Monday, October 31, 2005

Captivating Chapter 4: Wounded

The interactions we have as children, particularly those we have with our parents, shape us into the adults we become. Our mothers teach us how to be feminine (even if they don't realize that they're doing it). Our fathers teach us what value women have.

If the mother is not comfortable with her beauty and feminity, the daughter will pick up on that and vice versa. If a child grows up with a mother who is always talking bad about herself, the child will think that's the way women are supposed to think about themselves.

Our question, though, is mostly answered by our dads. (page 62).

We have all been wounded.

Sorrow is not a stranger to any of us, though only a few have learned that
it is not our enemy either. Because we are the ones loved by the God, the
King of kings, Jesus himself, who came to heal the brokenhearted and set the
captives free, we can take a look back. We can take his hand and
remember. We must remember if we would not be help prisoner to
the wounds and the messages we received growing up. page 65

Fathers can wound us by being absent or uninvolved. This sends the message "you're not worth my attention, you're not important to me". They can also wound us by being abusive which might make a little girl think, "if I were only better in some way, he wouldn't do this to me".

The wounds we have received have brought messages unique to all of us. We believed our parents. We thought it was our own fault that we were wounded--that we brought it on ourselves because we weren't good enough, smart enough, thin enough, captivating enough...

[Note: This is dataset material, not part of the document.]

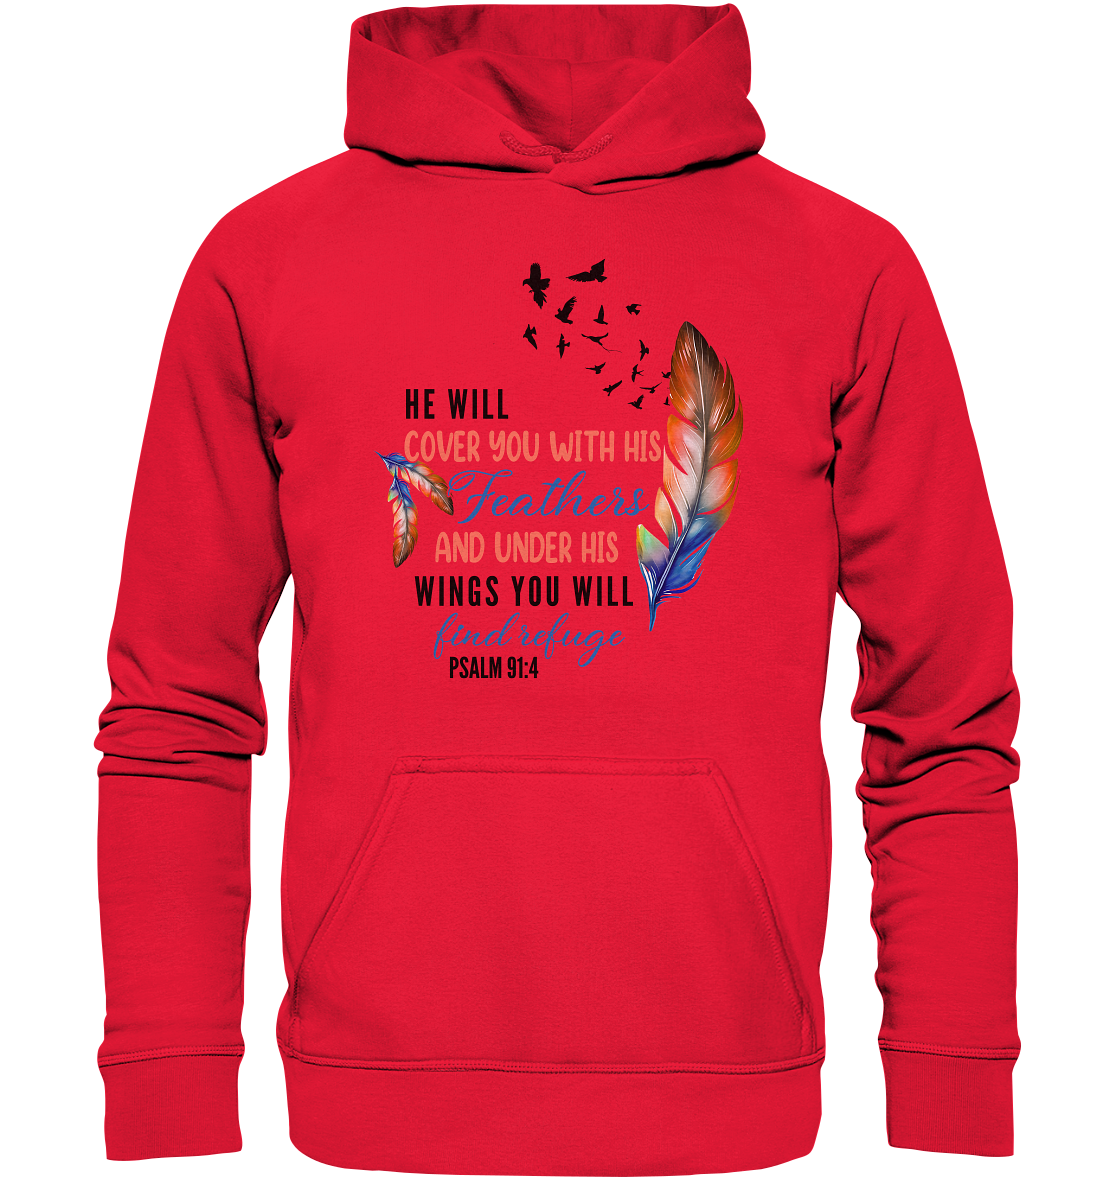 Psalm 91:4 - He will cover you with his Feathers - Kids Premium Hoodie

We try to heal the hurt on our own by improving ourselves or hiding parts of our personality.

...deep down we fear there is something terribly wrong with us. If we
were the princess, then our prince would have come. If we were the
daughter of a king, he would have fought for us. We can't help but believe
that if we were different, if we were better, then we would have been loved as
we so longed to be. page 69

We deal with our wounds by making vows never to be hurt in the same way again. We become guarded and hard. The vows we make shut our hearts down.

They are essentially a deep-seated agreement with the messages of our
wounds. They act as an agreement with the verdict on us. page 70

As a result of our wounds, we are ashamed. We don't believe we are worth loving. We hide our true selves. We are uncomfortable with our beauty. We allow our wounds and our shame to shape us. We invent ways to protect ourselves, but our plans aren't God's plans.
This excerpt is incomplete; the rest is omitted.